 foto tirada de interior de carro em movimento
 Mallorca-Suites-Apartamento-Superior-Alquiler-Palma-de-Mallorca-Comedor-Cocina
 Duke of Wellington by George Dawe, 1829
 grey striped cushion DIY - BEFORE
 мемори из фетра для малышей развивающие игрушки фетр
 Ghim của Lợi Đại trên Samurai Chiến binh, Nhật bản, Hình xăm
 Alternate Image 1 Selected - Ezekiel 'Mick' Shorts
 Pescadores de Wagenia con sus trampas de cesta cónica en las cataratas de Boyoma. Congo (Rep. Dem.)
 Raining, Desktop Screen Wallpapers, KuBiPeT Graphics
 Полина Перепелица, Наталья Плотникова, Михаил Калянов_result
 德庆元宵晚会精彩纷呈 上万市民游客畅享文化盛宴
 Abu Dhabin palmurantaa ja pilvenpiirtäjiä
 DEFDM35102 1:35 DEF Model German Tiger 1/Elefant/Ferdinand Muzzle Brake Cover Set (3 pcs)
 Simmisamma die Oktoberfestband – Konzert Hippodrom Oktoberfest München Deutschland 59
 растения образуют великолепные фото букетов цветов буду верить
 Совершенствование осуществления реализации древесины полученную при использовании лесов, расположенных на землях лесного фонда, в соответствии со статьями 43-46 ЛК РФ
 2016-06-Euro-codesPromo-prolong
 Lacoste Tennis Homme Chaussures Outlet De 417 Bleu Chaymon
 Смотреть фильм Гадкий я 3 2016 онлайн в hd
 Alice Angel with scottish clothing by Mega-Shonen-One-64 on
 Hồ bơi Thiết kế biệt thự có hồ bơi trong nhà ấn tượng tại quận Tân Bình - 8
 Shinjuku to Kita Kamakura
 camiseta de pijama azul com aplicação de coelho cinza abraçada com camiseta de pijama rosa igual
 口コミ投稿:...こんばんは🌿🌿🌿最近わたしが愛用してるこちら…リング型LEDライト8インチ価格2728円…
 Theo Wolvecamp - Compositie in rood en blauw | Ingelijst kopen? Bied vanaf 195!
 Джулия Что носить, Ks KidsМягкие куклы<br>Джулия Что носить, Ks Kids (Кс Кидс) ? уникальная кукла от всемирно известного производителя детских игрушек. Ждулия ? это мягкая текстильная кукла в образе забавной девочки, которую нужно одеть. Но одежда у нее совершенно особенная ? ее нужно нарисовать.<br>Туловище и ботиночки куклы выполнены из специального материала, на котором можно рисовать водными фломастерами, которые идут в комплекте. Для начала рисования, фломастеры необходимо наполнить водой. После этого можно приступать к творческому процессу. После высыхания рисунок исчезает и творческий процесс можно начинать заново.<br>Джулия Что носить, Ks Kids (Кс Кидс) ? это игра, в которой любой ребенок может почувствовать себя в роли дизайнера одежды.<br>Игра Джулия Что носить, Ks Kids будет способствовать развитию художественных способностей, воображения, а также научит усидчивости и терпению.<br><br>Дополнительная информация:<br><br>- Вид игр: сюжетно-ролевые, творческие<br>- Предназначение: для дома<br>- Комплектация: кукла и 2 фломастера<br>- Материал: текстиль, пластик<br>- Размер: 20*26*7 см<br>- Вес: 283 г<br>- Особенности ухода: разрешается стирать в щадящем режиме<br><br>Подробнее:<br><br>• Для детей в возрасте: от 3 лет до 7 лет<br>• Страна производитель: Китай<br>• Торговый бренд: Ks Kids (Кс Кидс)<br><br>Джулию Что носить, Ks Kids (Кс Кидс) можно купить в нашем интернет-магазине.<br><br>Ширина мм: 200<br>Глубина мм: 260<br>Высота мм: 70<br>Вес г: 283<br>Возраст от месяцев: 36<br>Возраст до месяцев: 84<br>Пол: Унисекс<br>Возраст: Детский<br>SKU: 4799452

* _What you will do_
Quote, with nothing altered, all lines from the start of the entries to the line that carries "мемори из фетра", inclusive.

* _Written reply_
 foto tirada de interior de carro em movimento
 Mallorca-Suites-Apartamento-Superior-Alquiler-Palma-de-Mallorca-Comedor-Cocina
 Duke of Wellington by George Dawe, 1829
 grey striped cushion DIY - BEFORE
 мемори из фетра для малышей развивающие игрушки фетр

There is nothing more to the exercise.